I packed the camera and other tourist-y type items, that never even saw the light of day! At the end of each day I was so exhausted, there was no socializing in me :(
It was rather difficult the first day, some people were completing just the infection control portion of the course, expanding the class size from the expected 4 people, to 8! I kept to myself at lunch break, it was all a bit too much.
Once that day was over, the class dropped to a manageable 5 including myself, that felt better already. With the course being conducted on a very quiet part of the coast, there wasn't a great deal to do during breaks, but we all eventually ended up together and I was able to come out of myself a bit.
Not having studied for over half of my life, it wasn't easy trying to absorb information, times of over-stimulation messed with my head, a few times I retreated into a quiet corner to try to concentrate while everyone else was talking.
I found it quite difficult turning up every day...whether it as the anxiety, or just wanting to hang out with a girlfriend, I usually cannot do much of anything on many consecutive days.
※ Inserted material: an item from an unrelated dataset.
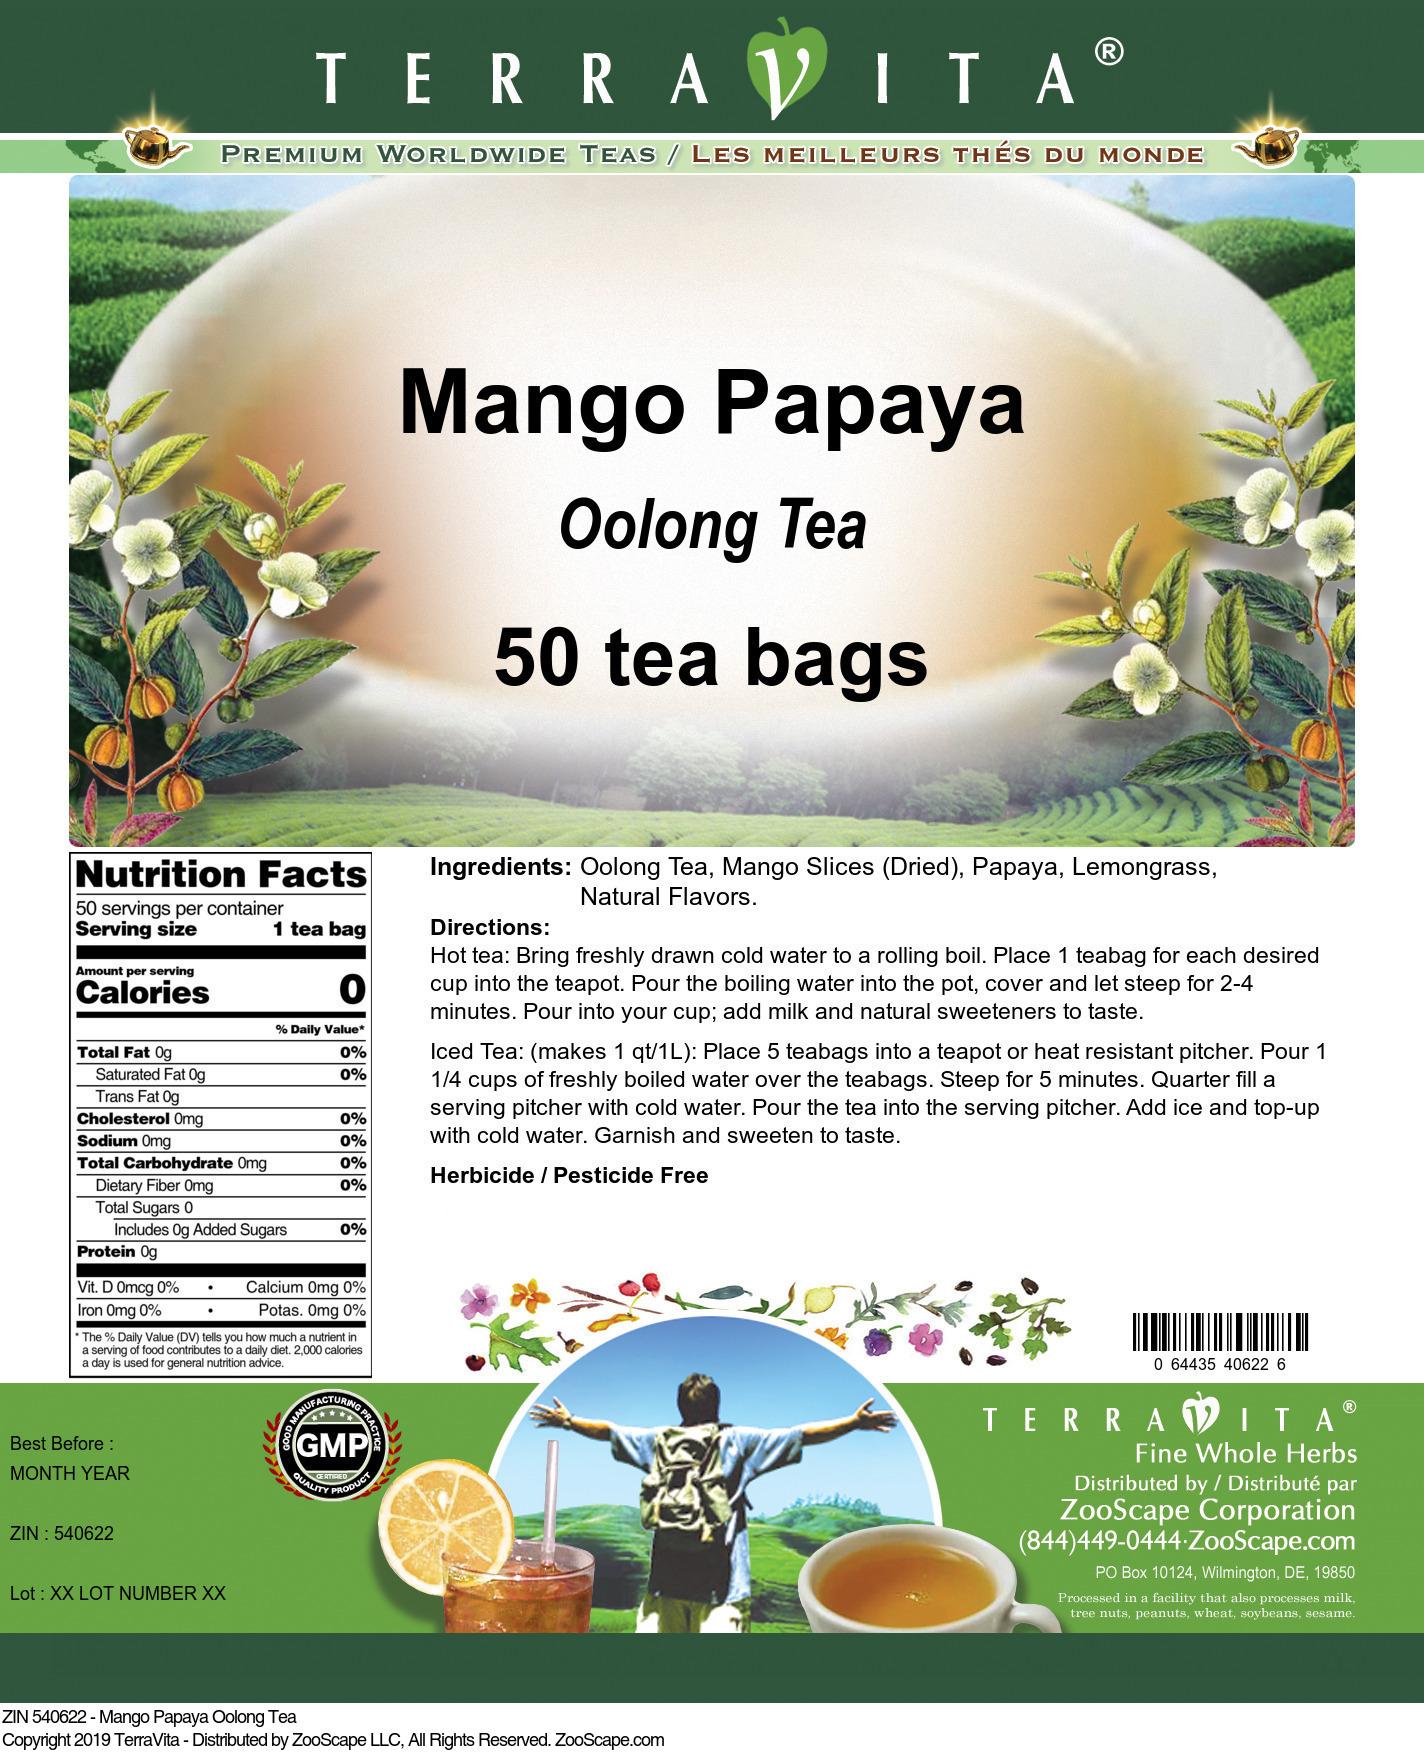 Mango Papaya Oolong Tea

Since being home again, I've been able to retreat into myself, my own thoughts, get away from the outside world a bit.
But now I must also prepare for another 6 day trip...this time to Adelaide, leaving early Sunday morning.
Another city I've never visited, but I'm no as apprehensive about it as I was with the huge city of Sydney.
I'll be hanging out with another girlfriend, my old babysitter actually, quite a distance from the CBD. I'm arriving on a long weekend, so it will bring a great balance of time spent, with time alone when she is at work each day, with some couch surfing and meeting facebook friends along the way ;)
I hope to visit the Adelaide Zoo and the Adelaide Gaol as well.
Well, off to make my lists and let the anxiety/excitement build!